Testdata is automatically provided as part of this repository in the testdata folder.
To spin up a FHIR server clone the following repository: https://github.com/medizininformatik-initiative/fhir-server-examples,
navigate to the server/blaze folder, set the BASE_URL in the docker-compose file to "http://blaze:8080" and execute docker-compose -p mii-projectathon up -d
This will spin up blaze FHIR server and expose it on localhost on port 8082.
You can access your FHIR server under http://localhost:8082/fhir/my-endpoint-here , to see all your currently loaded Patients go to:
http://localhost:8082/fhir/Patient
If you are using a HAPI FHIR server the following environment variable needs to be set in the docker-compose file to allow the uploading of transaction bundles without executing them: HAPI_FHIR_ALLOWED_BUNDLE_TYPES: COLLECTION,DOCUMENT,MESSAGE,TRANSACTION,TRANSACTIONRESPONSE,BATCH,BATCHRESPONSE,HISTORY,SEARCHSET
Once the server is available (this can take a couple of seconds) and you get a response from the Patient URL above you can load your testdata.

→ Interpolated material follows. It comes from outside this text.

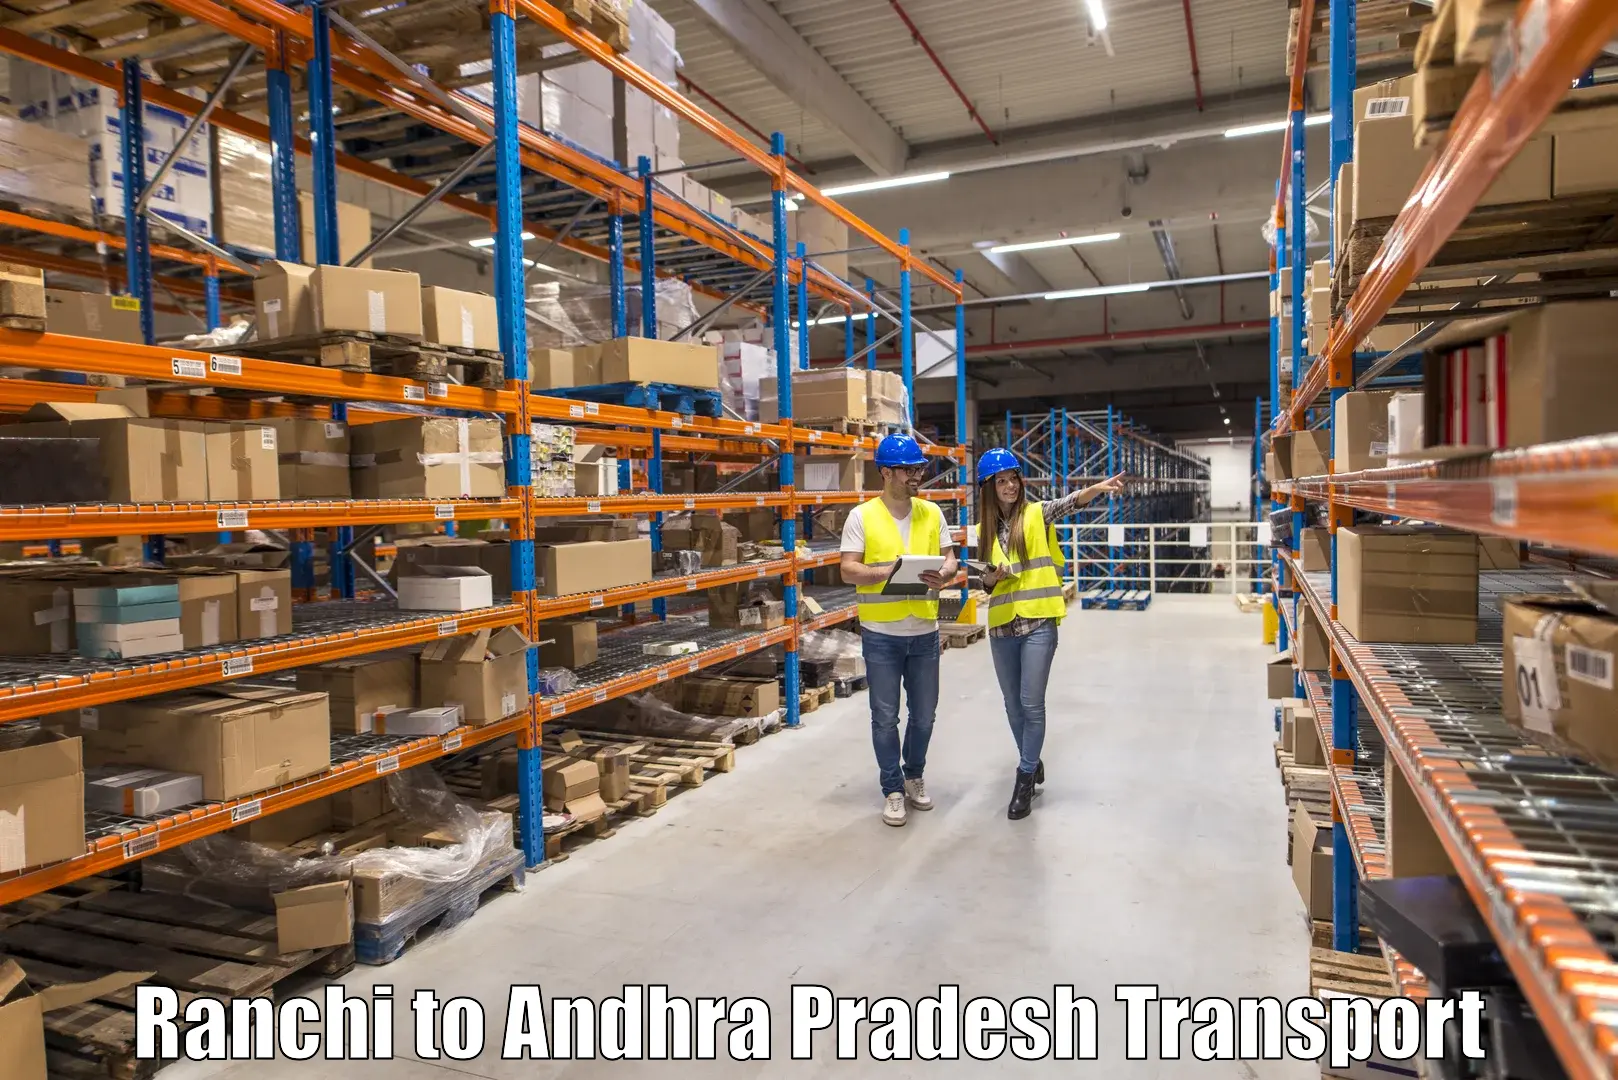 Express transport services Ranchi to Chodavaram

To load your testdata execute upload-testdata.sh
, which will upload all the testdata fromt the testdata
folder to your FHIR server.
Once the script is finished access http://localhost:8082/fhir/Patient again to see if your resources have been loaded.
Create your own config files using the initialise-env-files.sh
Before you can run the data extraction you will need to change the .env file according to your requirements. For all configuration options see "Configuration Options" below.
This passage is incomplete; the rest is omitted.